Proposes the FLAIR framework, which utilizes database execution results as context to achieve in-context adaptation. This addresses concept drift without runtime parameter updates, achieving a $5.2\times$ speedup and a 22.5% error reduction on tasks such as cardinality estimation.

Background & Motivation¶

Core Problem: Learned operations in databases (e.g., cardinality estimation, approximate query processing) rely on Machine Learning (ML) models. However, the dynamic nature of databases (frequent inserts/deletes/updates) leads to data distribution shifts (concept drift), which degrades the performance of trained models.

Limitations of Prior Work:

Transfer Learning / Active Learning / Multi-Task Learning: These are reactive training methods that require collecting new data and updating model parameters after deployment, bringing significant latency and computational overhead.
Neglecting Inter-Query Dependencies: Traditional methods process each input independently, failing to utilize shared contextual information across database queries.
Static Mapping Assumption: Inability to adapt to continuously changing data distributions.

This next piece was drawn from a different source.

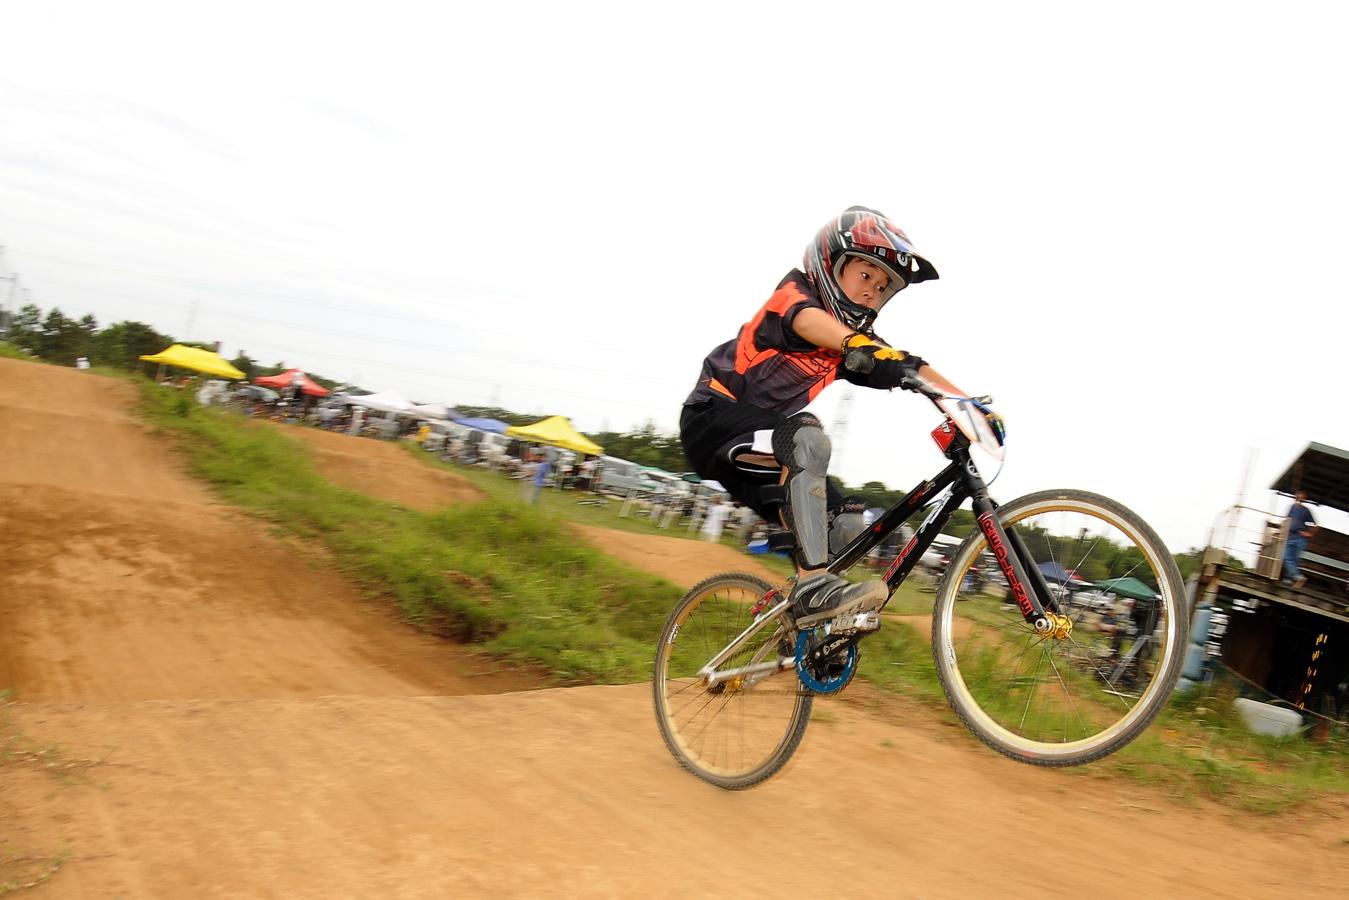 2009 7月緑山コース開放日 VOL2_b0065730_2231336.jpg

Key Observation: Databases possess a unique property—the execution results (ground-truth labels) of queries can be obtained immediately. For example, executing a SELECT COUNT query instantly yields the true row count. This real-time feedback can serve as contextual information for dynamic adaptation.

Two Key Challenges:

How to achieve instant adaptation to constantly changing data without retraining/fine-tuning?
How to dynamically inject contextual information into the modeling process for context-aware prediction?

Method¶

Overall Architecture¶

FLAIR formalizes the adaptation process as conditional prediction:

\[f: (\mathbf{x} \mid \mathcal{C}_t) \to \mathbf{y}\]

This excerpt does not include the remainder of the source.